3) In the context of a tragedy of enormous proportions such as the Genocide against the Tutsi in Rwanda, there are many minor, but equally profound and lacerating tragedies of some minorities, such as the community of Jehovah's Witnesses in her country, which she knows well. How much have historians talked about it? Is there a historiographical production about the suffering suffered by Jehovah's Witnesses during that genocide?


As far as I know, few historians have talked about the pain that Jehovah's Witnesses suffered during the genocide against the Tutsis in Rwanda. Here are some references on this topic. Under the headline "Only Jehovah's Witnesses are not accused of anything”" the Swiss weekly Reformierte Presse declared: In 1995, African Rights documented the genocide in Rwanda in twelve hundred pages: “It could prove the participation of all churches except Jehovah's Witnesses.” .


Reformierte Presse: Harare: 8 December 1998, https://archive.li/Xxzmu [original link: http://www.ref.ch/ma/meldungen/1664.htm ] (accessed on November 28, 2018)


Other references include the following texts:


Genocidio e crisi nell'Africa centrale, di Christian P. Scherrer

Rwanda before the genocide: Catholic politics and ethnic discourse in the late colonial era, by JJ Carney

Mosco News February 20-26, 1997 p.5, by professor of religious studies Sergei Ivanenko.

But you can also check the following websites:


https://www.jw.org/en/news/legal/by-region/rwanda/

https://diaspoint.nl/love-shines-through-in-rwanda-genocide/

http://reiblingfoundation.org/press

 

4) Could you specify why you were attacked during the Rwandan genocide? Has your membership in Jehovah's Witnesses influenced the persecution you and your family have suffered?


Not exactly. The main reason was because I belonged to the Tutsi ethnic group. I say this because many Hutu Jehovah's Witnesses had nothing to fear in relation to their ethnicity. However, they were persecuted because they refused to participate in the genocide and tried to hide the Tutsi witnesses and non-Jehovah's Witnesses. My family of seven was able to survive because 20 Hutu Jehovah's Witnesses worked as a team for 75 days to hide, feed and protect us in difficult situations, including moving us to nine different places through roadblocks and night vigils.
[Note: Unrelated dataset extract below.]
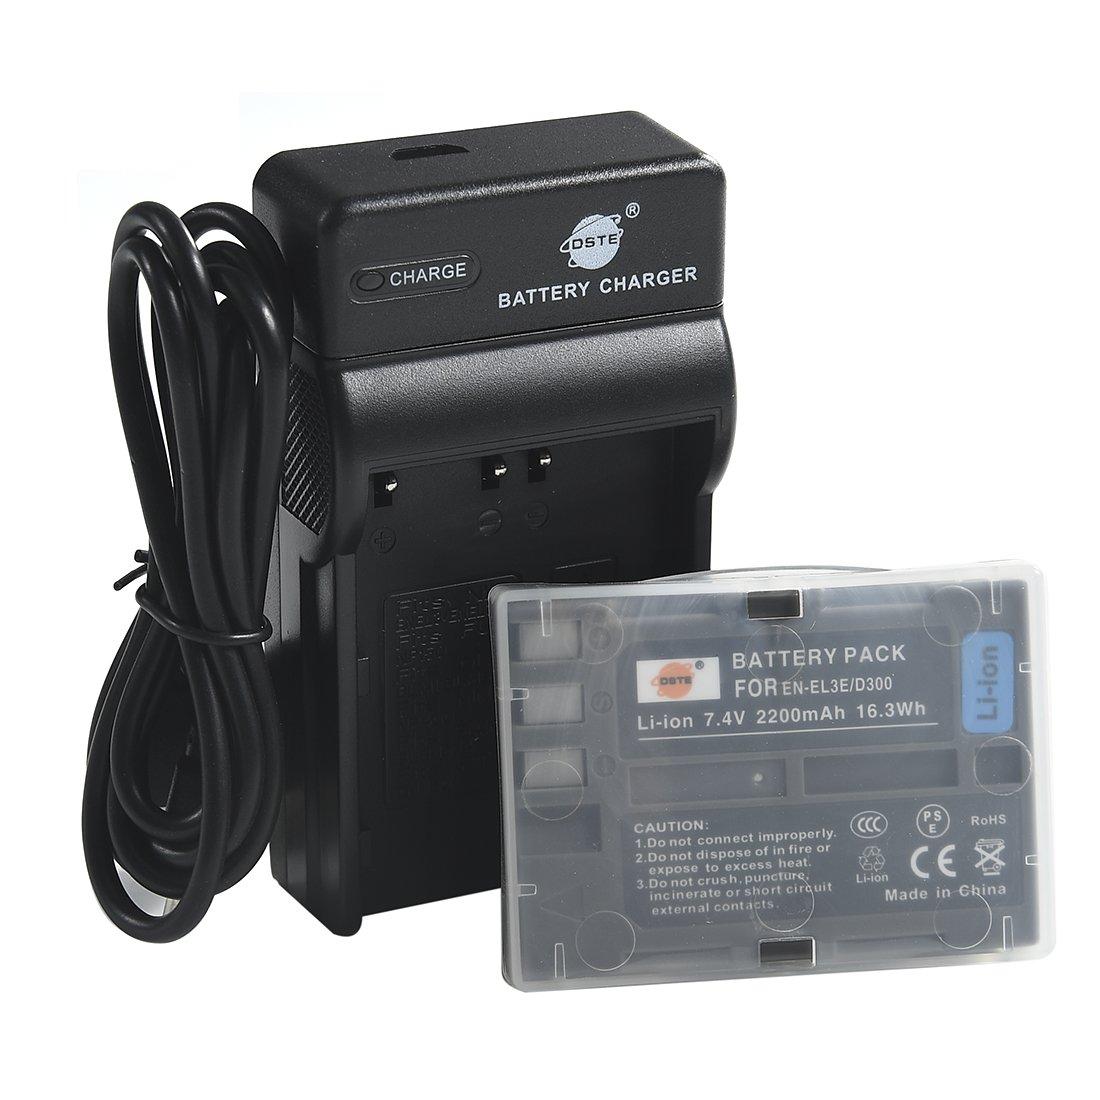 DSTE EN-EL3E Li-ion Batería Traje y cargador micro USB para ...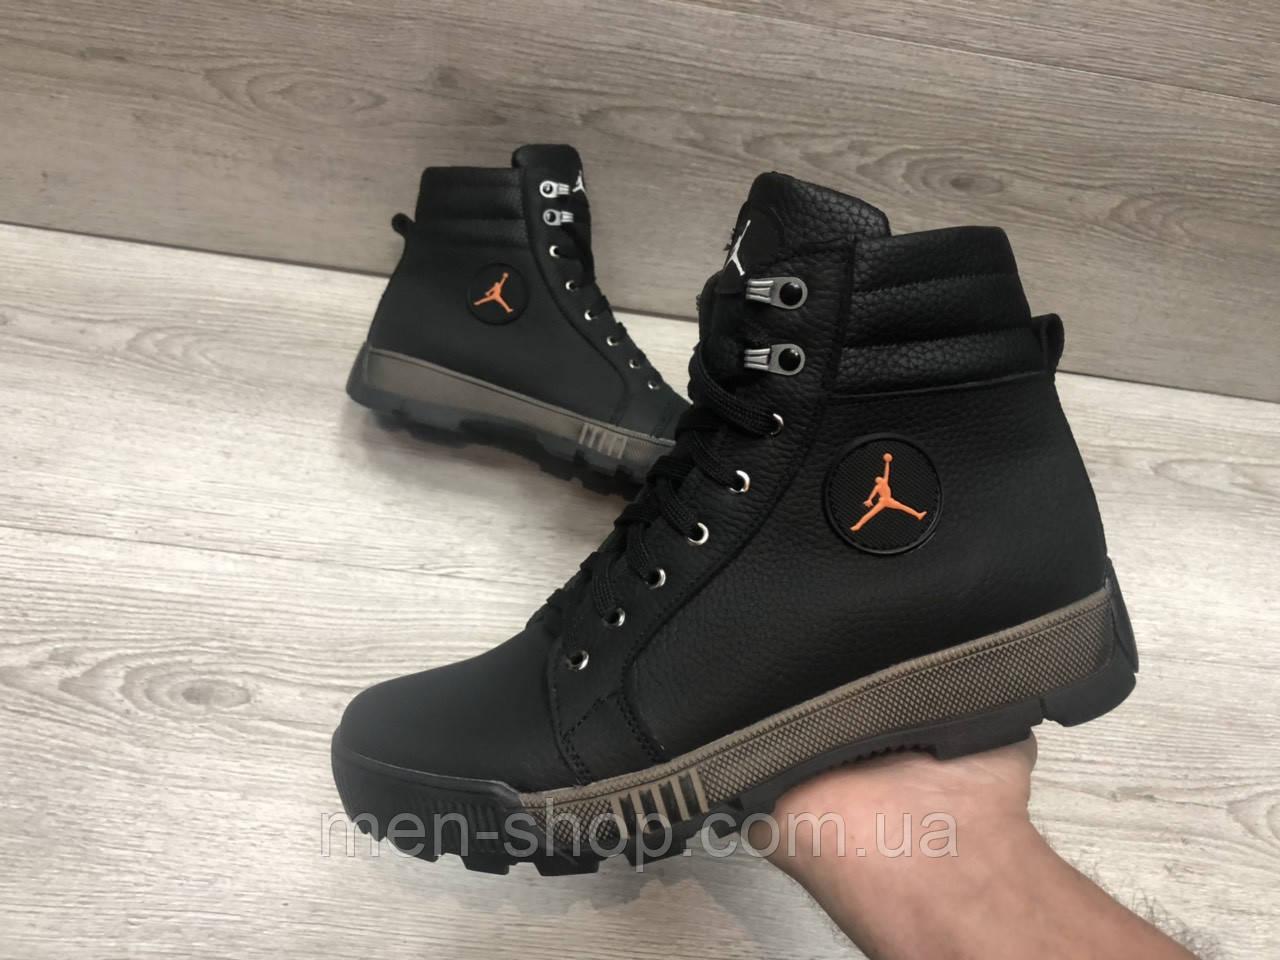 843ff6d1 Кожаные ботинки в стиле Jordan на меху : продажа, цена в Харькове ...

5) Every historical tragedy obviously represented some kind of uniqueness, like the Holocaust that Jewish historians called "Shoah". What, in your opinion, is the uniqueness of the Rwandan Genocide as a catastrophe in the recent history of the world?


The similarity between the Holocaust and the Tutsi genocide in Rwanda could be explained in these points:


Both the Holocaust and the genocide against the Tutsis took place under the cover of military conflicts

both events were meant to exterminate a group as a whole

people were attacked and killed simply because of who they were, Jews or Tutsis

the victims were helpless, simply picked up from their homes, taken to “slaughterhouses” where they were killed in various ways

genocide in both cases was seen as a final solution to the prevailing problem.

The differences between the Holocaust and the genocide against the Tutsi could be summarized as follows:


Jews were murdered by non-Jewish citizens in all European countries, while Tutsis were murdered by fellow Rwandan citizens, only within the borders of Rwanda.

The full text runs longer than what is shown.